Lets take another case, you built a large messaging platform where millions of messages flow around. Each message has to be recorded for audit purposes. If the sender and receiver wait for a message to be recorded before they process it, then there will be a delay. So you send the message to a queue to get recorded asynchronously. The data can be recorded slowly as long as it is not lost - the main aim here is to ensure that the message taken off the queue is written to the database and not lost in between. Same as above case, but here it doesn’t matter if the message gets written an hour after it is published as long as it is written correctly. Similarly, if the message is not seen in all the downstream applications for a few hours more, then it doesn’t matter either.
As you can see data storage use cases can be categorized into two - one where storing and replicating everywhere immediately is important, and one where storing is important and it doesn’t matter how long it takes to do so.
See this good article on this - it explains it in a more detailed manner - http://arstechnica.com/business/news/2012/01/the-big-disk-drive-in-the-sky-how-the-giants-of-the-web-store-big-data.ars
ACID and BASE - they are not related to SQL or NoSQL
ACID (Atomic Consistent Integral Durable) and BASE (Basically Available Soft state Eventually Consistent) - these two acronyms are exactly the two scenarios that I explained above.
These are not new great inventions, they are what we would expect to happen with our data.
As you can see, there is no relation between how we want to store the data and SQL. It is common that we store all transactional data in RDBMS which provide an SQL interface. We built something that stored objects in Berkeley DB JE, a file based object database with no interface except an API. We ensured that each key-value pair that we stored was written to disk and replicated on SRDF and was guaranteed to be recovered.
Similarly we wrote stuff to a Hibernate cache and let it write to the DB when it felt like writing - no hurry. We read from the cache and get on with our work and by end of the day the data will be in the database for tomorrow.
ACID and BASE can be achieved irrespective of whether we use the old RDBMS or the new NoSQL database.
The only thing that is characteristic about NoSQL database is that as the name suggests, you don’t have to write any SQL. Whew! No need to worry if your procedure will compile on both Sybase and Oracle.
So tell me again why should I use NoSQL is it is not for BASE?
Object Relational Mapping (ORM) - this was created in response to the requirement that you needed to store beans in database. Let me rephrase that - because you needed to store business entities in a database. If you have done any simple OOP programming, you know that there are classes that encapsulate the attributes and behavior of everyday business objects. We all know the car example of OOP.
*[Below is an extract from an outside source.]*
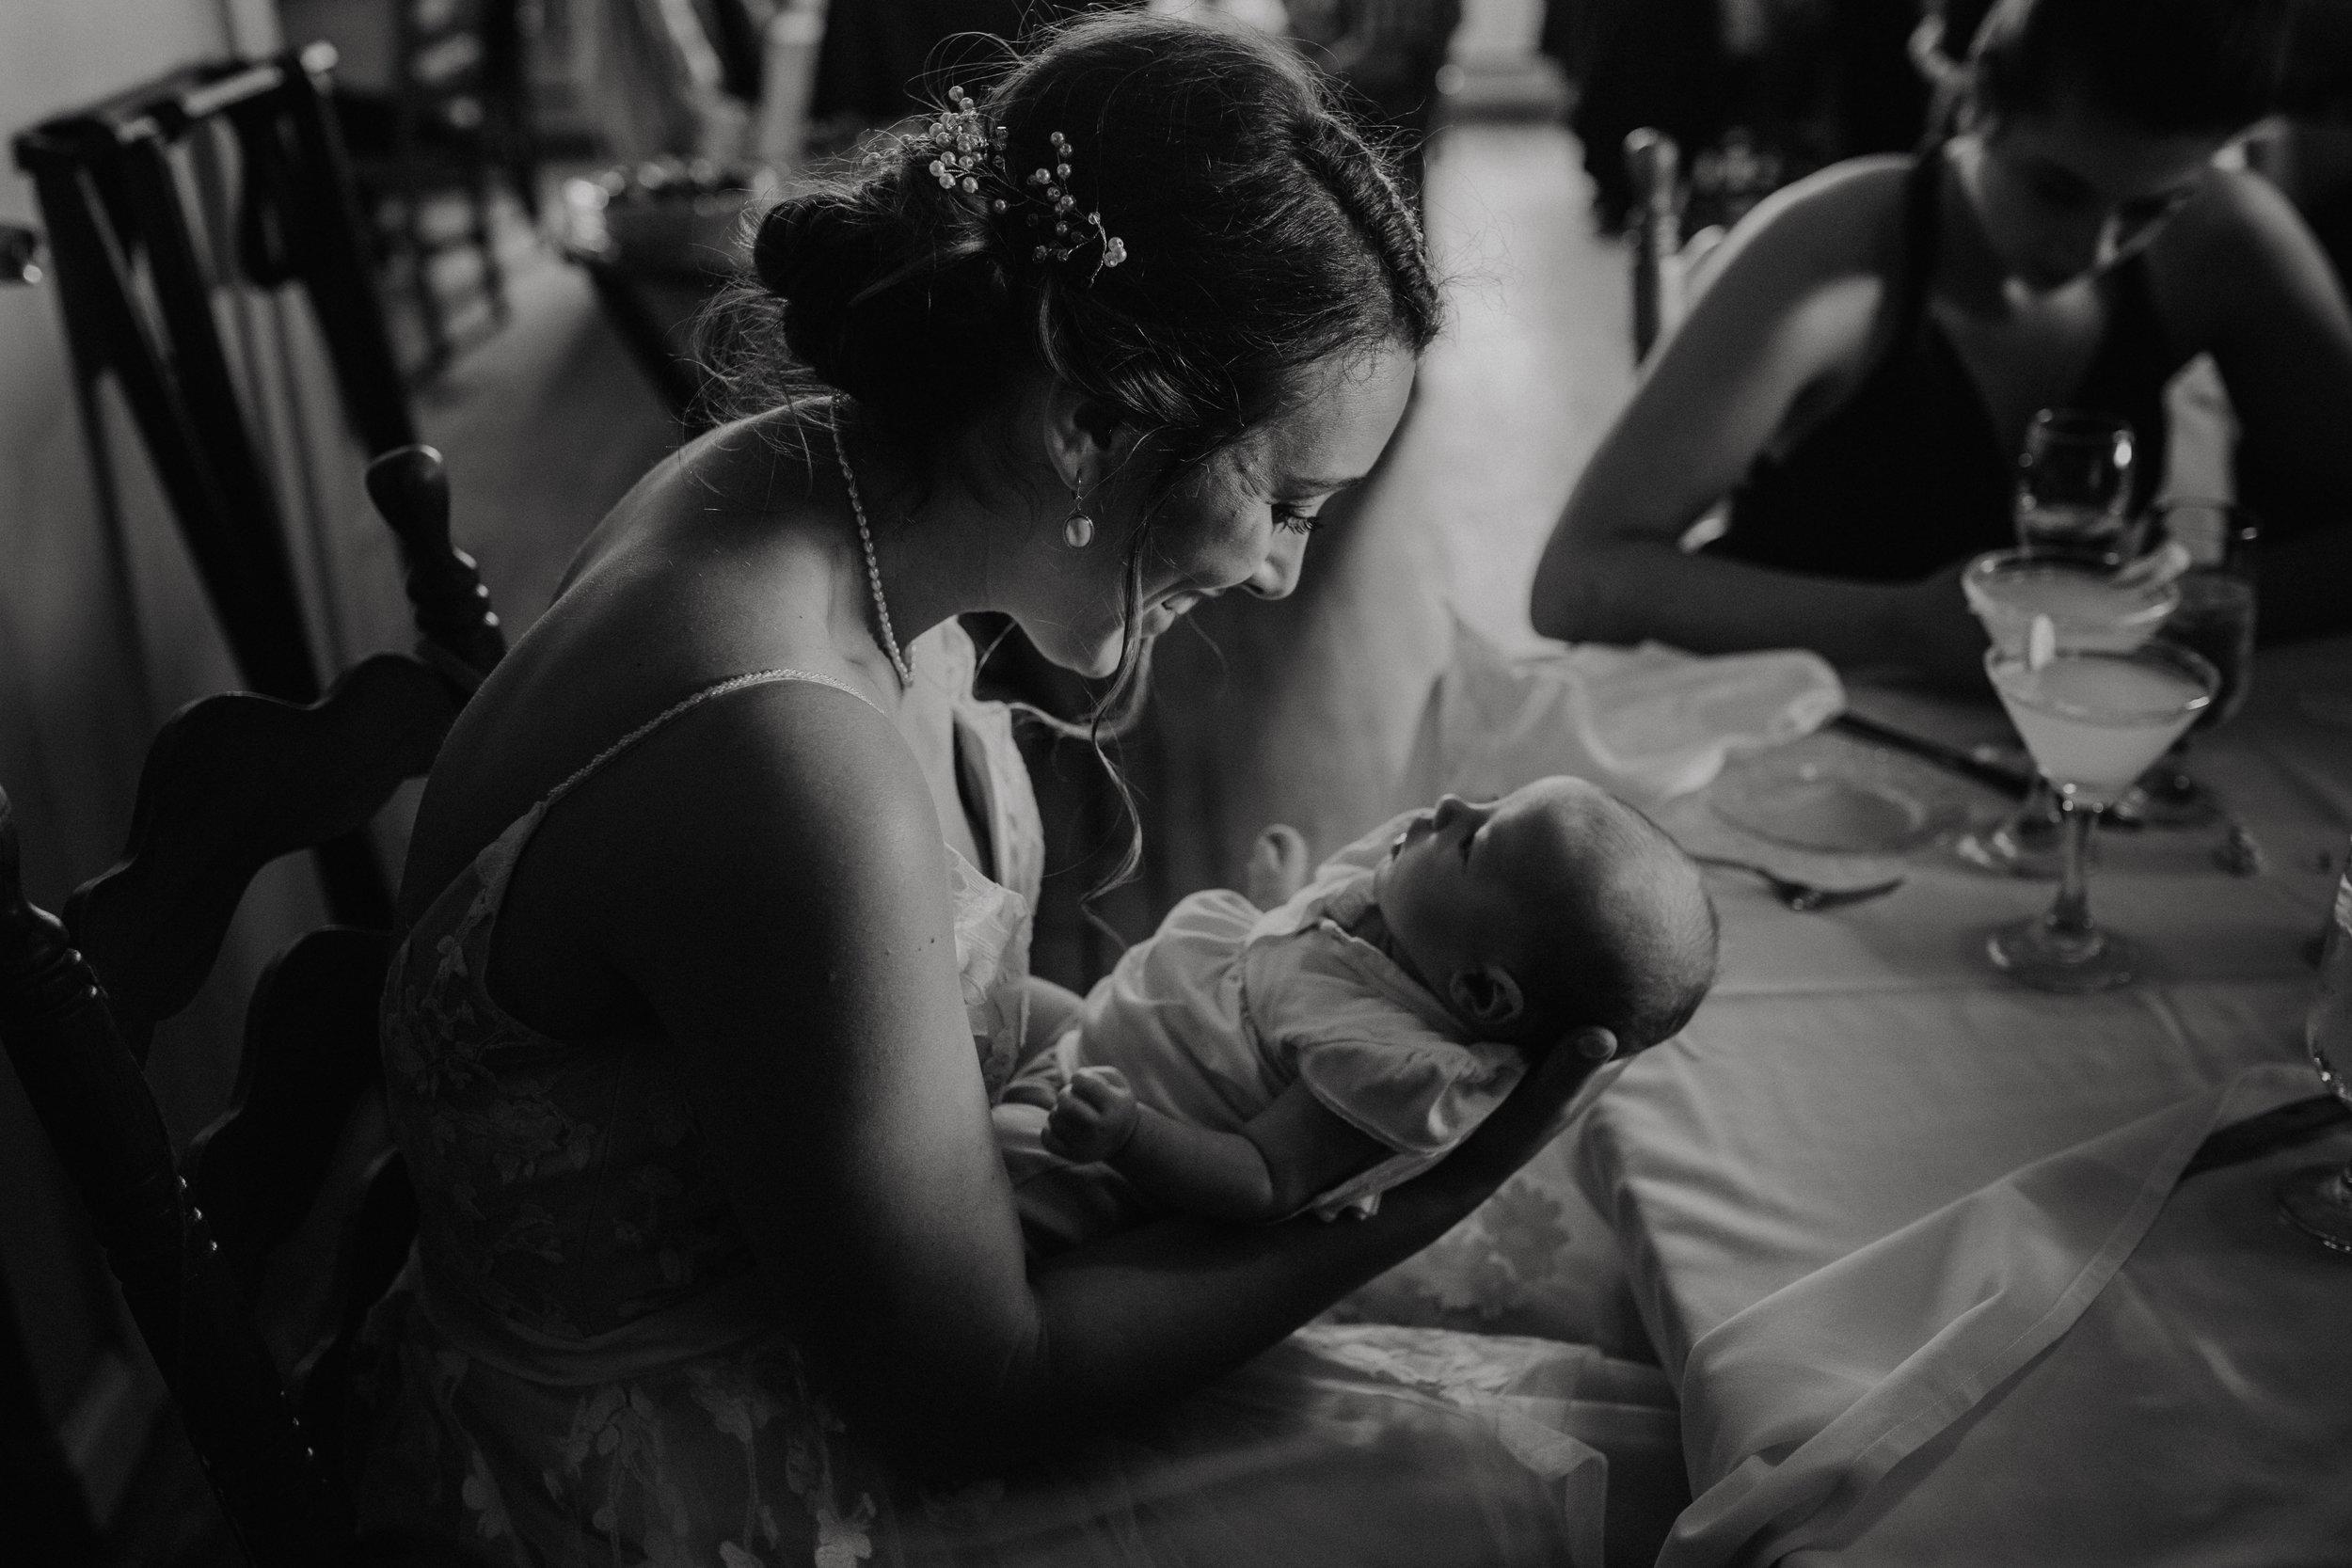 upstate_ny_wedding-54.jpg

When you build an application - web or desktop or server - for a business, it deals with a certain problem domain and there are entities from that domain that need to be represented and processed in the application. This could be books in a library, items in an inventory yada yada.
So you represent a entity in you application as a class with public properties or a bean with getter and setter methods and use it. But when it comes to putting it in a DB you have to convert it to tables! Hmm - Ok we will write a stored procedure and pass all properties to the procedure as parameters. That will solve it.
Turns out that many years ago, it solved the problem, but the problem became unmanageable because each time you had to change you entities, you had to rewrite your procedures and re-map the parameters. Hmm .. there should be an easy way and so ORM were born. They would take your classes and some XML definitions of mappings between the class attributes and table columns and manage everything about storage for you. Since they knew the mappings, they could easily store the data generating necessary SQL dynamically. Added a new attribute? No problem add it to the XML and the column is created and populated with a default value and updated each time the object is saved.
But even this does not work well always - ORM has to decompose your objects to rows in a table. What if you wanted to reconstruct the object - ORM does this but there is cost. What if you wanted to do all this very fast - there is caching. Even faster? It will go and work but will fail at some point.
Again, lets say you designed a good hierarchy of classes and used ORM to create tables etc. Now along came a change request which required you to make some changes which break your current setup - you need to rebuild your tables and data!
No sane manager would like to go to the business and tell them that you will rebuild the database just because there is a small change request. So you will put in things like custom SQL over ORM and other sch stuff which will eventually turn it into a mess.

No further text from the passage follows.